Saturday, August 25, 2018
Patricia Loring commented that "To undertake to live a discerned life, to endeavor daily to be attuned to authentic movements of the Spirit leading us into greater fullness of life, is a strenuous undertaking." My life is always shifting so the balance required to live the "discerned life" she speaks of also changes. A few months ago it became clear that I needed more relaxation and "me" time so I began watching a few movies each week on my computer. Right now the weather is cooling off a bit (low 80s rather than low 90s) so it is possible, once again, to work in the garden, a peaceful distraction for me. I am also continuing with my other spiritually nourishing activities like meditation, recovery and Quaker meetings, working with people, reading and writing. Leading a discerned life is, indeed, a "strenuous undertaking" but well worth it. I find that I am always listening for possible life changes during meditation time. And never totally comfortable.
Friday, August 24, 2018
A substantial part of the incredible richness of the human experience stems from our potential internal conflicts and how we resolve those conflicts (free will). Our conflicts result from dualities like fear versus faith, temporal vs. eternal or short term vs. long-term. Within those and other dualities we have choices. The choices we make contribute to our growth and also reflect that growth. During my process I have made all sorts of choices and now choose the direction of love, faith and the eternal. As Walsch says in a comment he attributes to God "Embrace every circumstance, own every fault, share every joy, contemplate every mystery, walk in every man’s shoes, forgive every offense (including your own), heal every heart, honor every person’s truth, adore every person’s God, protect every person’s rights, preserve every person’s dignity, promote every person’s interests, provide every person’s needs, presume every person’s holiness, present every person’s greatest gifts, produce every person’s blessing, and pronounce every person’s future secure in the assured love of God."

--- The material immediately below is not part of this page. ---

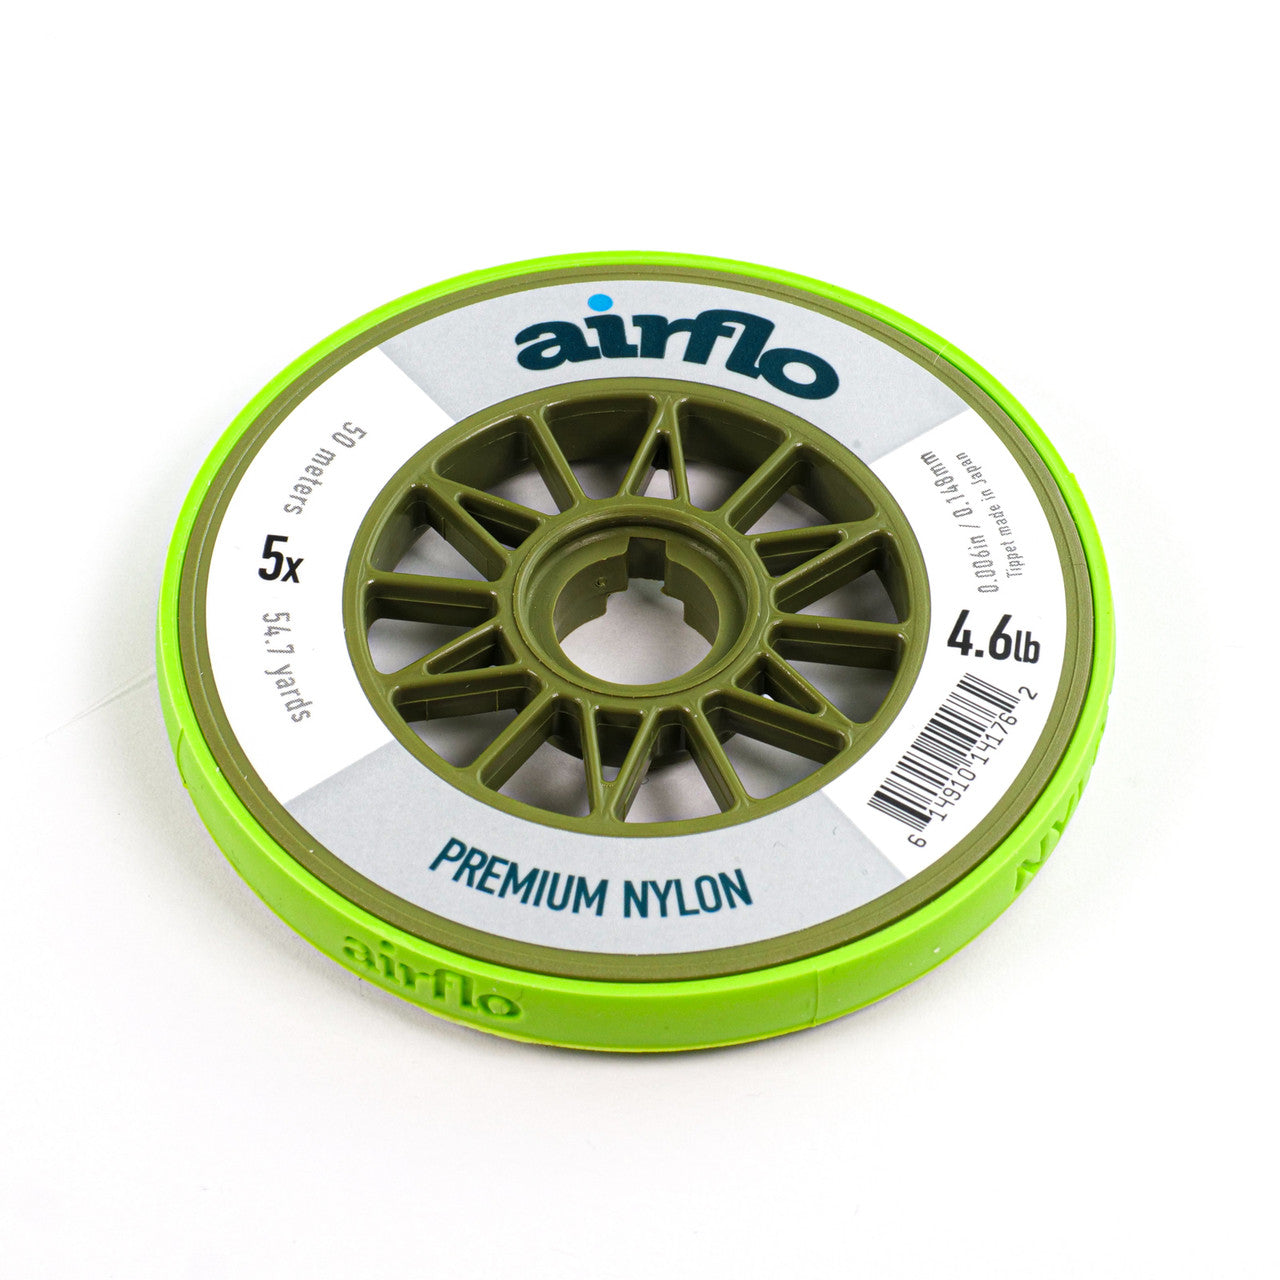 Airflo Premium Nylon Tippet - 50M – Tactical Fly Fisher

Wednesday, August 22, 2018
When I am wrapped up in fear I lose the Kingdom or the feeling of being surrounded by a bubble of love — not that it goes anywhere but I do. I also lose that Presence when I become to enamored with or attached to material possessions. I can and do certainly participate in earthly things, just not attempt to make them more than transitory, relatively meaningless, but pleasurable events or possessions. This sort of attitude in me makes it difficult for me to fit into this culture at times, but that’s fine. I agree with St. Augustine’s comment that "we cannot serve two masters. But a man does try to serve two masters if he seeks both the kingdom of God for the great good it is and those other temporal things."
Tuesday, August 21, 2018
That the kingdom of God, the Presence and power of unconditional Love, is both within and all around me is an astounding fact of life. I even felt it as a child, though not as acutely as I do today. As a child I also did not realize that I was part of that force, that it was within me or that I could connect with it as deeply as I do today. I find it amazing that Jesus said "The kingdom of God is not coming with signs that can be observed, nor will they say; ‘Look here it is!’ or ‘There it is!’ for the kingdom of God is within you." and yet I was always told to search for the kingdom in external things. I also always sensed that it was out of my reach not that the kingdom was all around me and I could connect with it. "Jesus also said, ‘I am the light which is before all things. It is I who am all things. From me all things came forth, and to me all things extend. Split a piece of wood, and I am there; lift up the stone, and you will find me.’"
Monday, August 20, 2018
In today’s recovery meeting our theme was that "there is a solution" to our drug and/or alcohol problem, a topic that I love and became quite emotional about. The solution is a "spiritual awakening" which is not necessarily a religious experience or one that involves a belief in God. One of the people in the meeting was an atheist and one believed in a loving, supportive pink unicorn. In my case I found a loving power I choose to call God but the fact is that it does not matter what name a person uses. I found a very powerful and practical power and have support and guidance for all aspects of life. Today I was amused by the thought of my going into a doctors office and explaining that I have done so well with my disability because I found a spiritual solution. I have done that — and will continue. In most cases they just assume I was miss-diagnosed since my outcome is impossible with that diagnosis. Sigh!
Sunday, August 19, 2018
Today was a "Charlie" day, meaning I took it easy, relaxed and did some things to pamper myself, an important part of my spiritual path. I had two sausage burritos and some oatmeal cookies for breakfast, went to a recovery meeting, had an egg sandwich for lunch, watched a movie on my computer and meditated. I did not meet with or work wit6h anyone. It was a good day of self-care. It’s important for me to realize when I need to take a break if I am to continue on my path. "Let’s be clear that "being at the spiritual game" means dedicating your whole mind, your whole body, your whole soul to the process of creating Self in the image and likeness of God. This is the process of Self realization about which Eastern mystics have written. It is the process of salvation to which much Western theology has devoted itself. This is a day-to-day, hour-to-hour, moment-to-moment act of supreme consciousness. It is a choosing and a re-choosing every instant. It is ongoing creation. Conscious creation. Creation with a purpose. It is using the tools of creation we have discussed, and using them with awareness and sublime intention.